Analysis Prepare for disappointment
Fri Dec 03 2010, 18:10

SECOND CLASS telly viewers will be a term the great British public will get to know in the next few years thanks to the coming gap between the promises of connected TV's and the broadband people actually have to deliver web TV.

The promise of Connected TV is a utopian vision of telly entertainment in High Definition (HD) and 3D, and even in ye olde Youtube 360p if you must, anytime, and almost anywhere. With true telly on demand, viewers will no longer be slaves to the linearity of those broadcast schedules that everyone purchased the Radio Times to peruse.

It's a future that won't need to be a hard sell to a population that now has HD capable tellies and has found that the standard definition terrestrial digital channels, care of Freeview, are not delivering the best picture.

While four HD Freeview channels have been launched, two from the BBC, one for ITV and one for Channel 4, the spectrum for the digital service is never going to support many more. Not much of an entertainment return on those hundreds of pounds shelled out for a box that would deliver an allegedly fantastic viewing experience. And Freeview doesn't provide that interactivity and freedom of viewing choice that Connected TV is expected to offer.

There is a similar situation with British Sky Broadcasting. It can boast over 50 HD channels but even its satellite broadcast will hit a spectrum limit in channels, especially when 3D programming comes along in large numbers. The problem is all the channels have to be broadcast at once, there is no way of interacting with the satellite and asking for just one.

Telly via the Internet, known as Connected TV or Internet Protocol TV, would seem to be the answer. Shove the requested TV channels down the tube would seem to overcome spectrum limitations of terrestrial broadcast. Everybody has a phone, everybody has an Internet connection.

Telly addicts use a tiny fraction of the available connection to request a channel and that is then fed to the screen. However if users want to record another channel and, or pipe a third or fourth channel into other rooms in the house then the bandwidth demands are going to be, well, demanding.
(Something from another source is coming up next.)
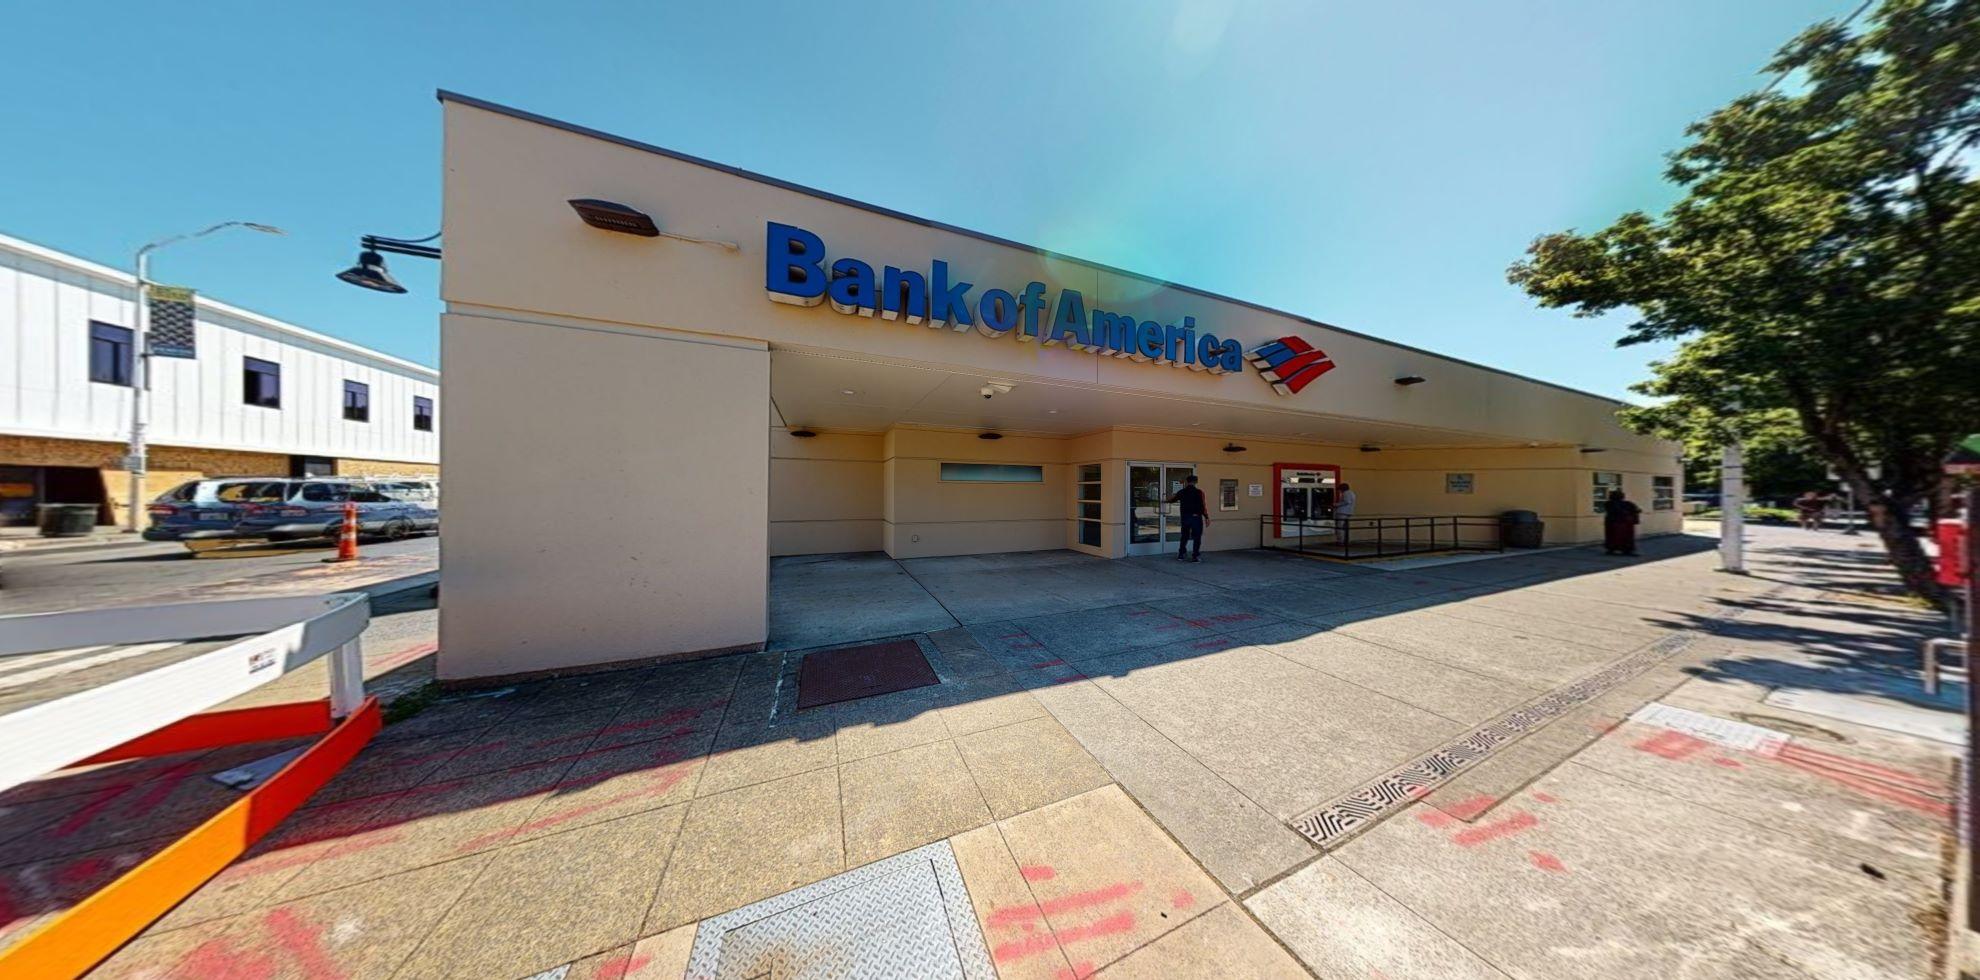 Bank of America financial center with walk-up ATM   300 Burnett Ave S, Renton, WA 98057

Today British Telecom (BT) is publicising its 1Gbps over fibre broadband trial and recently Virgin Media has made some noise about its 100Mbps plans. The purpose of the BT technical trial is to demonstrate the maximum speed capabilities of BT's Fibre-to-the-Premise (FTTP) product. That speed could be downstream data rates of 1Gbps and upstream speeds of 400Mbps to businesses and consumers, "subject to the appropriate network conditions and customer equipment" of course. But these claims, even with qualification, can only raise hopes that are bound to be dashed.

Despite the 1Gbps BT trial planned for 2011 in rural Kesgrave in Suffolk the harsh reality is the vast majority of the country has a bandwidth of far less than 10Mbps and the obstacles to improving that are high.

Less than 10Mbps means users can not even get High Definition at 1080p, which really needs a minimum of 10Mb to be streamed.

Virgin Media has made much of the 20Mb and 40Mb claims of its competitors and the fact that what users actually get can be substantially less. The company even backed a campaign about the gap in delivery but seemed to forget that its own 10Mb, 20Mb and 50Mb services don't necessarily deliver exactly those bandwidths all the time. Virgin company has its own 100Mbps trial ongoing but it is not clear over what period such a service would be rolled out to customers.

Virgin Media uses the cable network it inherited from NTL Telewest. While this has a lot of coverage of urban areas vast swathes of the UK have nothing. Don't look for cable in Cornwall or much of Wales or the northern reaches of East Anglia even. BT is rolling out fibre broadband to two thirds of the UK by 2015 and talking of running fibre over telephone poles to reach the remaining third but so far all the talk is qualified with the need for government support.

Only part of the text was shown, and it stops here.